Embryo within its yolk sac (magenta) during early brain development with blood cells (green) in the yolk sac before they invade the embryo.
rOLE OF MICRO rnas in embryonic development
Birth defects are the leading cause of death in children. We are interested in understanding how miRNAs control early embryonic development and how their misregulation contributes to central and peripheral nervous system birth defects. Some of this microRNAs include MIR290, MIR302 and MIRLet7.

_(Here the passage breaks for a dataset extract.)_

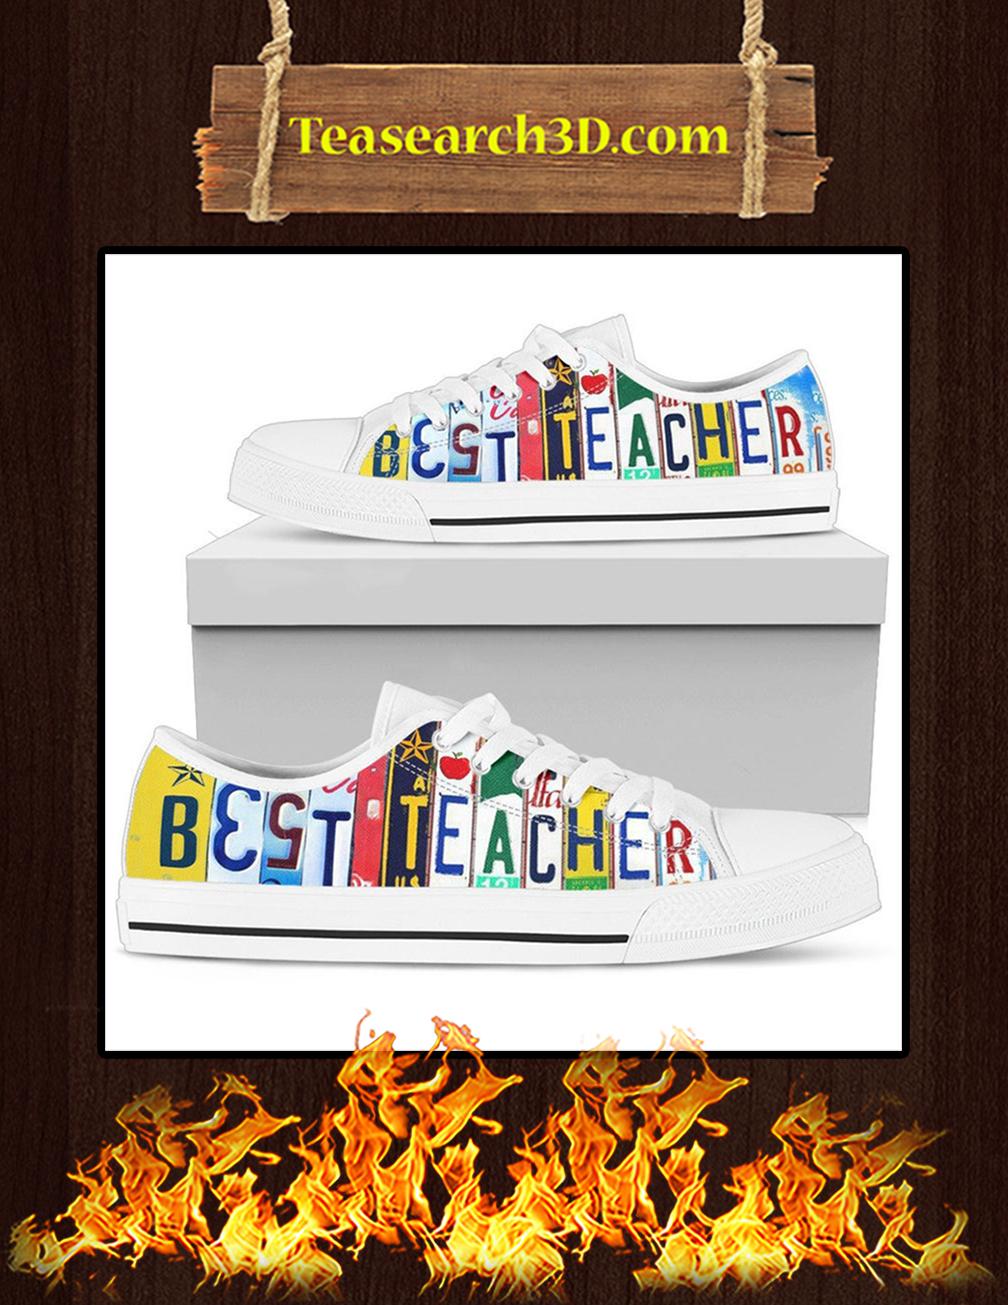 Best Teacher Low Top Shoes Pic 1

Mouse craniums showing enlarged ventricles in the Mir302 mutant compared to Wiltype
Role of mir302 in embryonic development
The loss of the MIR302 microRNA (miRNA) family is associated with a range of congenital birth defects, including neural tube defects, craniofacial abnormalities, and defects of the eye and the heart—some of the most prevalent congenital conditions in humans. The MIR302 family comprises four members: MIR302a, MIR302b, MIR302c, and MIR302d. Notably, approximately 98% of the total MIR302 miRNAs are derived from the 3p strand, which all share an identical seed sequence. Typically, miRNAs with the same seed sequence are thought to have similar roles in mRNA repression. However, variations in the accumulation levels and the presence of isomiRs with non-canonical seed sequences among MIR302 miRNAs may lead to divergent regulatory outcomes despite their shared canonical seed sequence. Our goal is to elucidate the distinct regulatory functions of MIR302 members during embryonic development.
E13.5 mouse embryos: normal embryo inside its yolk sac and placenta in the side (right) same embryo expressing epsilon globin
rOLE OF EXTRAEMBRYONIC TISSUES IN NEURAL TUBE CLOSURE
Neural tube defects (NTDs) arise from the failure of proper neural tube closure during embryonic development. Despite ongoing research, NTDs continue to occur, and there are no effective prevention strategies. The risk of NTDs increases with poor maternal health during pregnancy, particularly hyperglycemia, which affects both the embryo and the extraembryonic tissues such as the yolk sac and placenta. These tissues are vital for the transport of essential nutrients and metabolites from the mother to the embryo, and any disruption in their function can impair developmental processes. However, it remains unclear how these interconnected mechanisms contribute to the increased incidence of NTDs in hyperglycemic conditions.
hIAPP protofibrils (yellow) accumulate and form plaques (green) in diabetic mouse pancreatic islets (white outline), leading to macrophage (magenta) recruitment and exacerbating disease progression.
Protein misfolding in Type 2 Diabetes
In Type 2 diabetes, islet amyloid polypeptide (IAPP) can misfold and form toxic aggregates in the pancreas, promoting cell death and exacerbating T2D progression. We have developed a monoclonal antibody that targets the early soluble and cytotoxic form of misfolded IAPP, allowing T2D treatment and tracking the spread of toxic oligomers throughout the disease. We are interested in further exploring the effects of toxic misfolded IAPP peptides on different organs in T2D, especially how they impact the brain and may increase Alzheimer's disease risk.
Example of tumors generated by somatic tissue engineering. Blue labels nuclei, and red labels tumor cells.
PANCREATIC CANCER
Pancreatic cancer is the most lethal type of cancer. More than 95% of patients carry mutations in oncogene KRAS. We are interested in studying the mechanisms of how oncogenic KRAS alters post-transcriptional regulation and promotes tumor progression. We are also building flexible mouse models via somatic tissue engineering to study pancreatic cancer.